* [RECORDED INFORMATION]
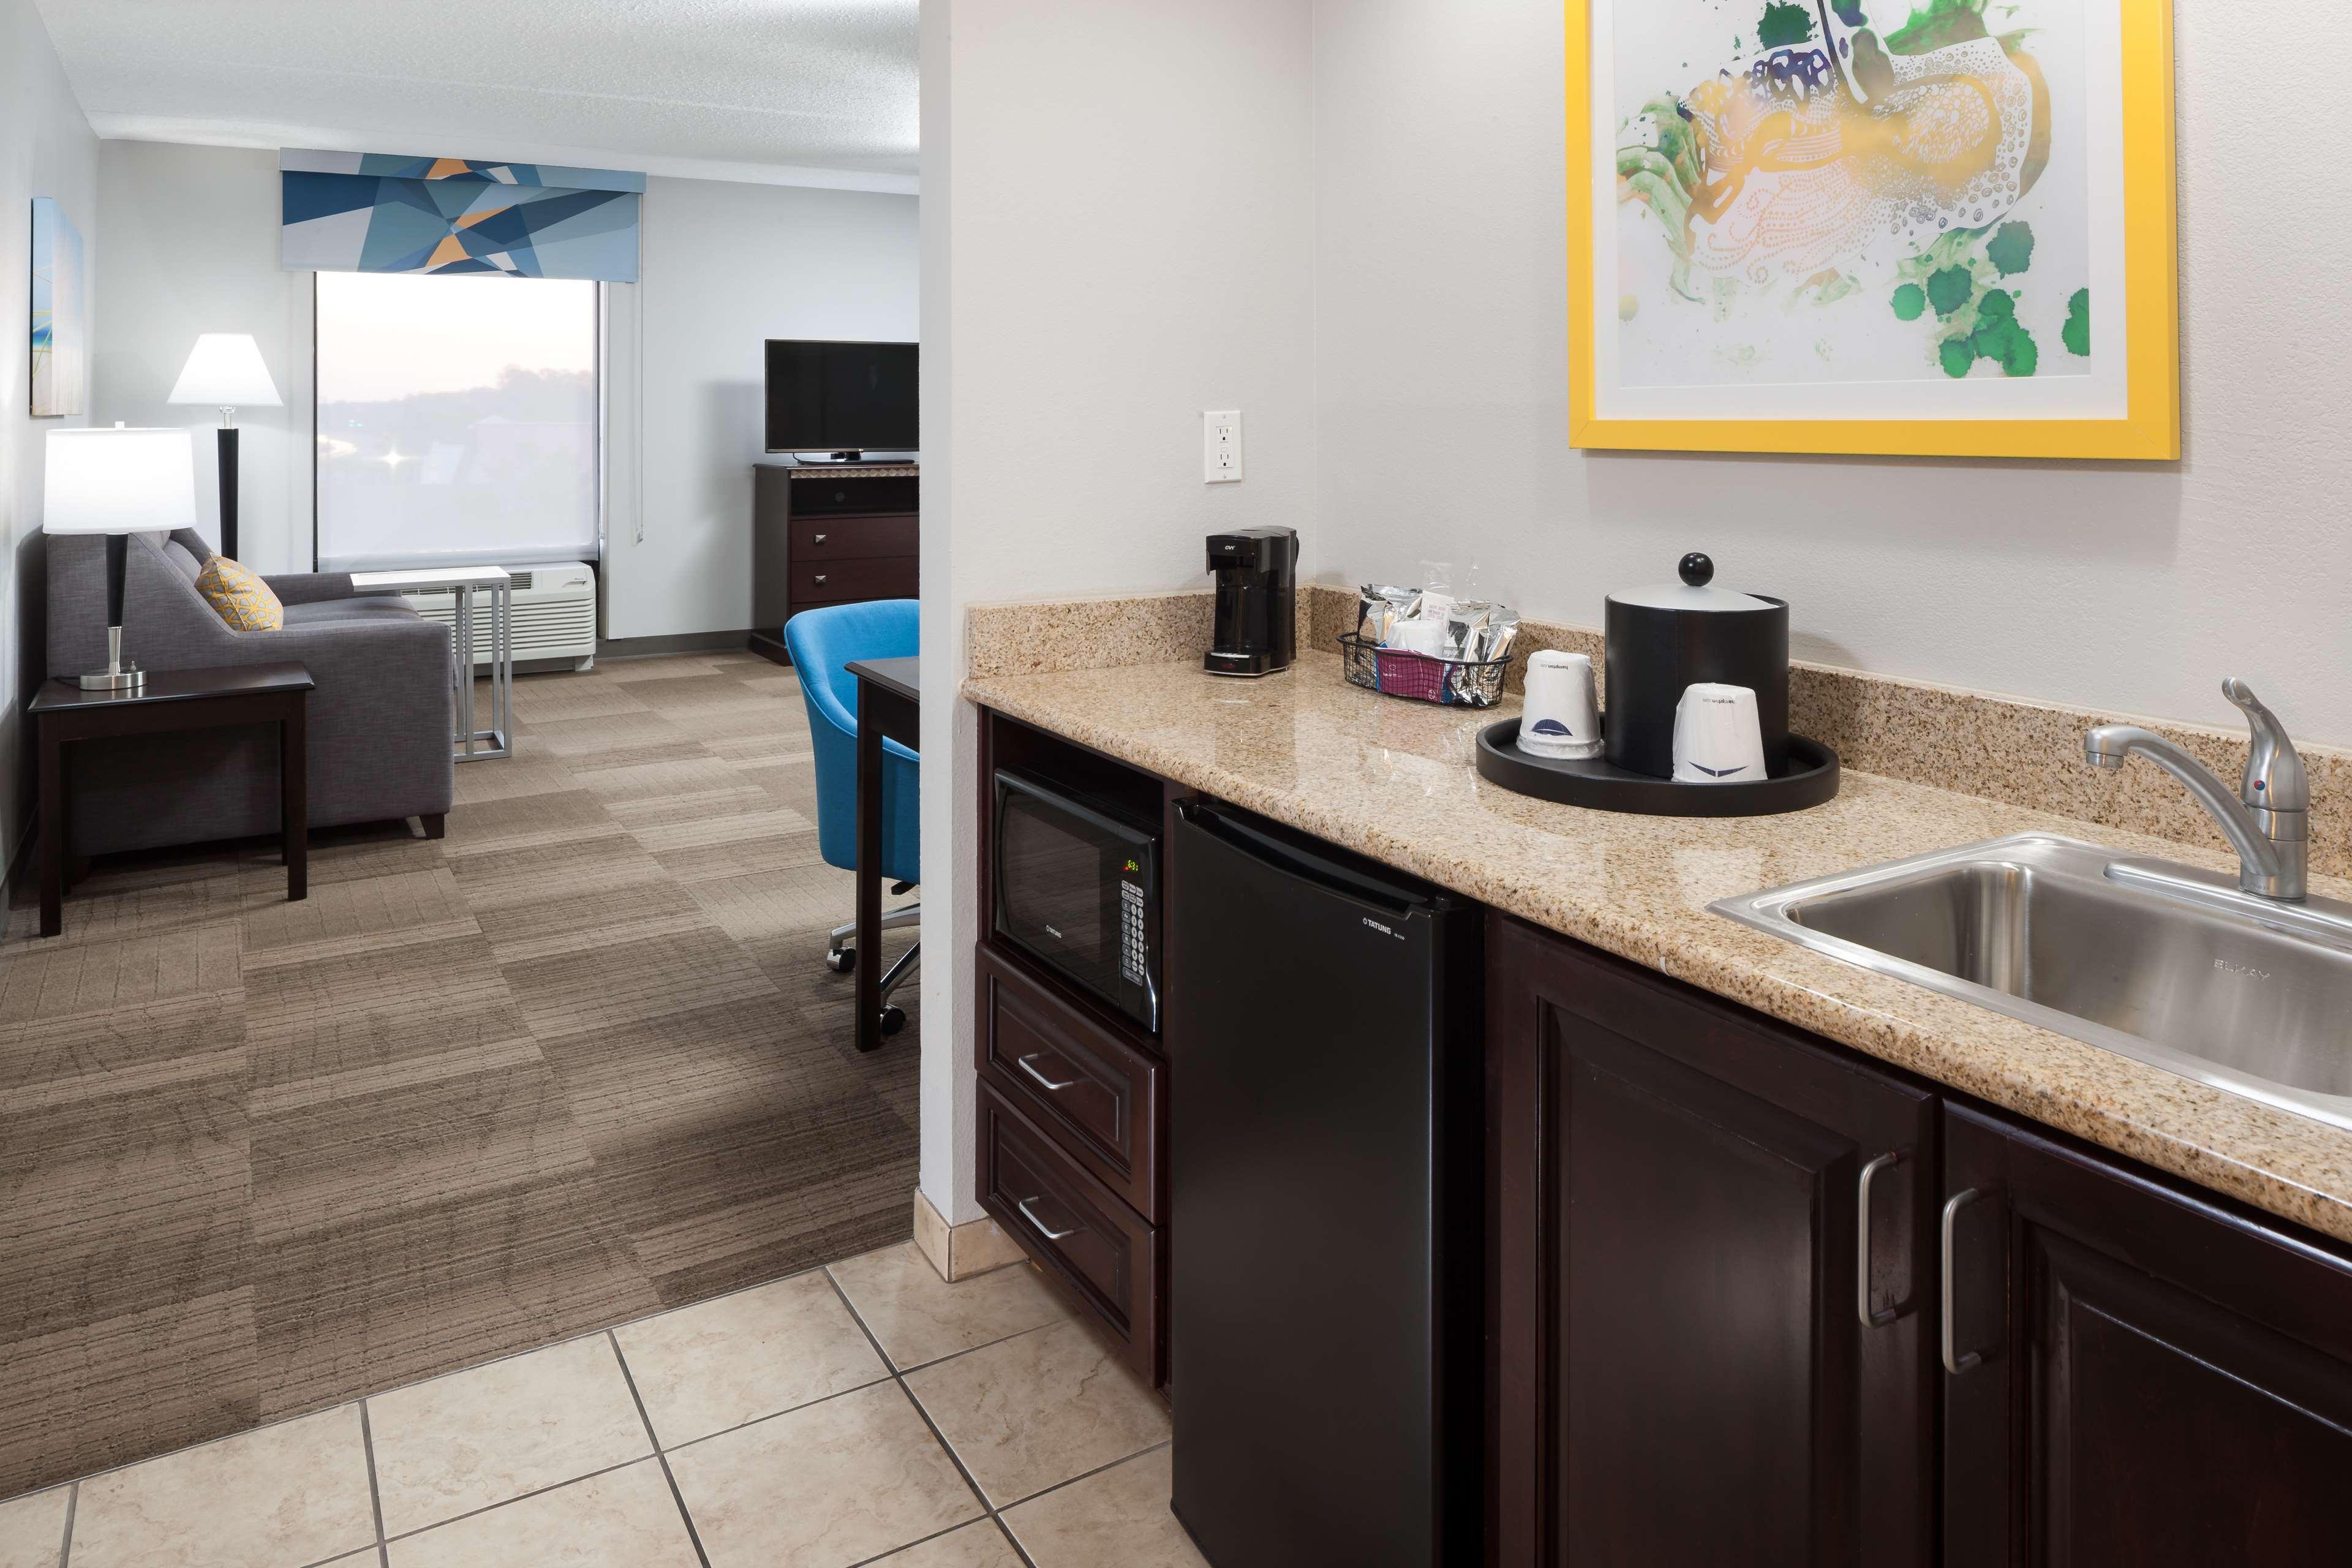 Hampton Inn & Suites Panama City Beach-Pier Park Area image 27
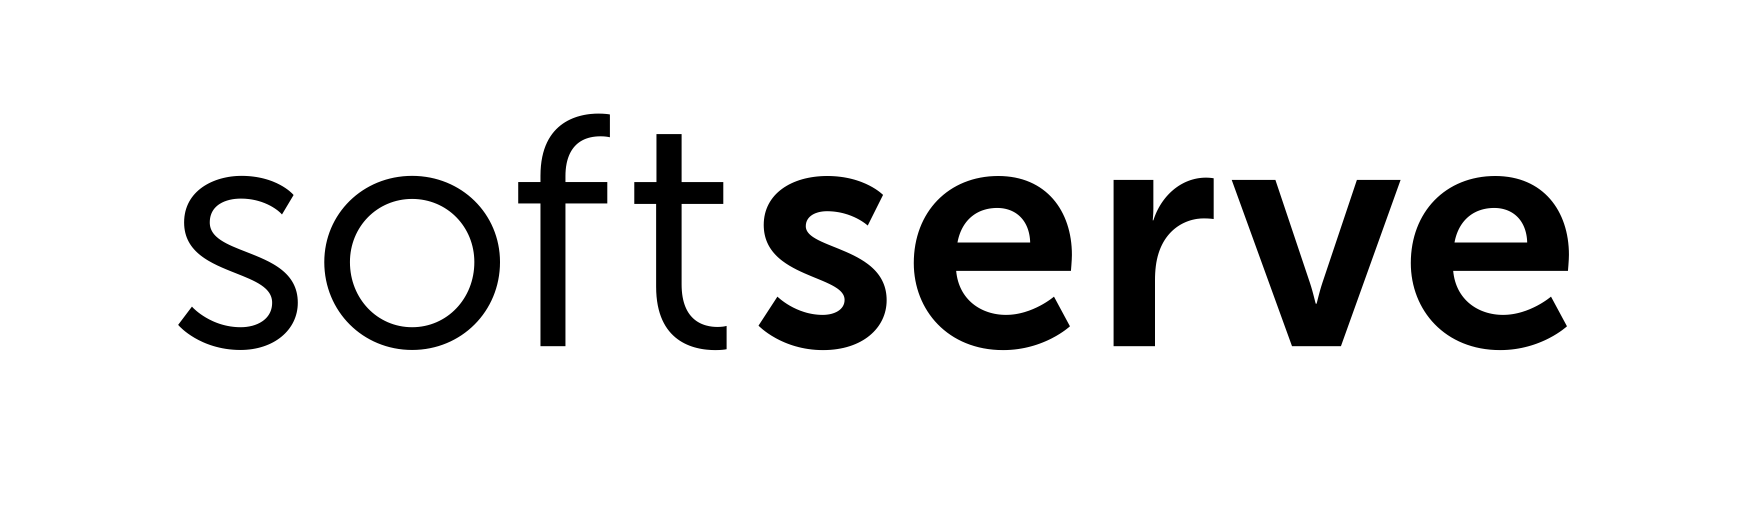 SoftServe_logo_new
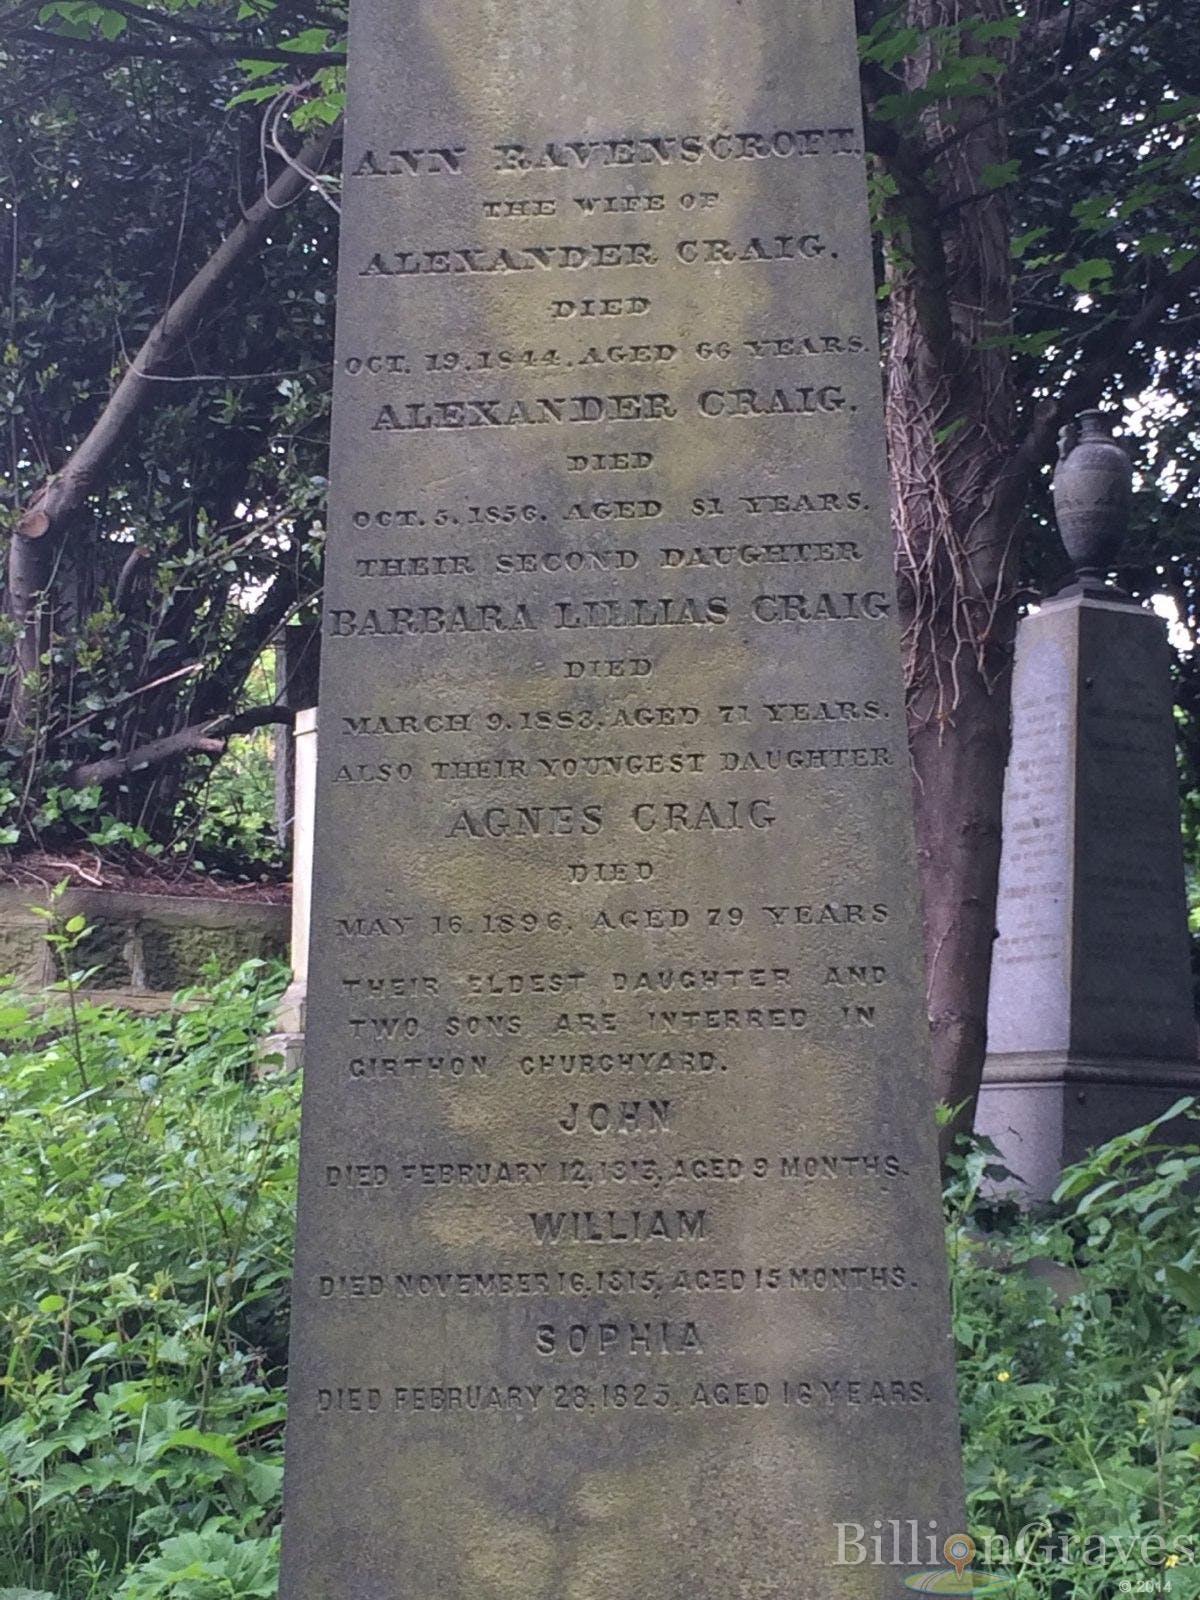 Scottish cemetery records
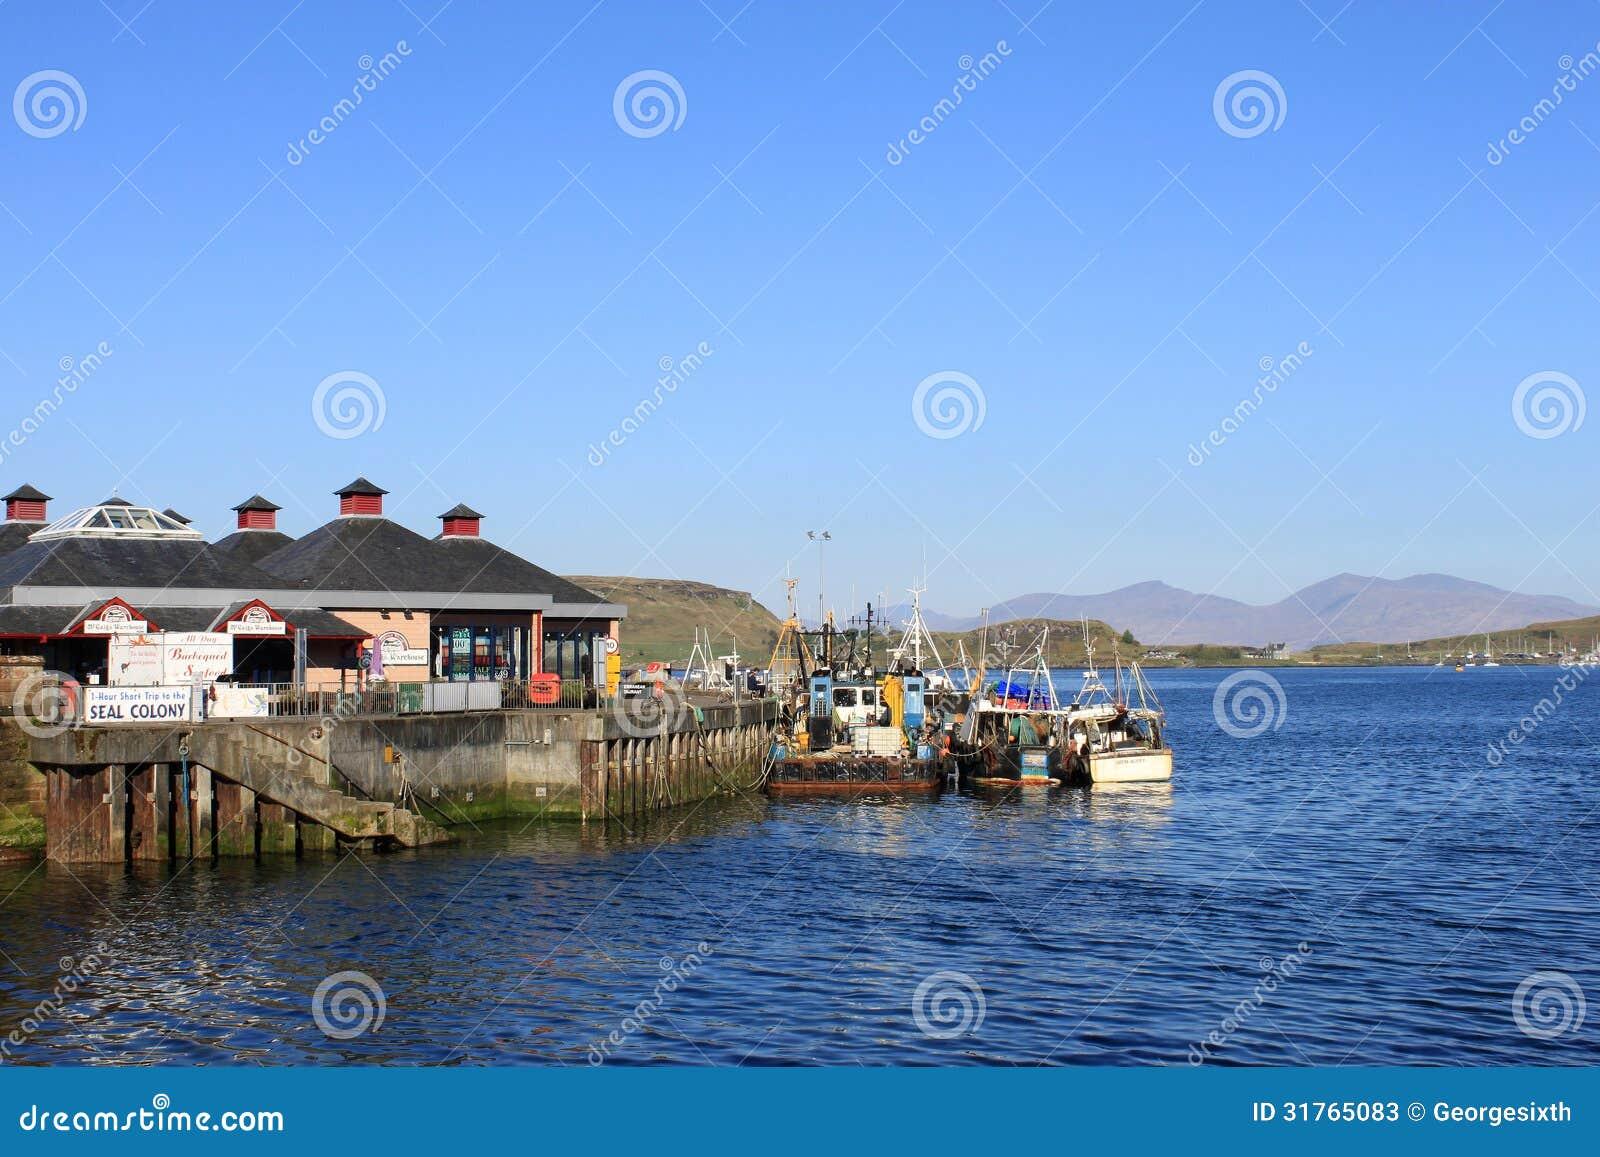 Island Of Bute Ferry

* [ASSIGNMENT]
Extract, word for word, every line from the one holding "SoftServe_logo_new" through the closing line of the data above. Do not include any pictures.

* [TASK SOLUTION]
 SoftServe_logo_new
 Scottish cemetery records
 Island Of Bute Ferry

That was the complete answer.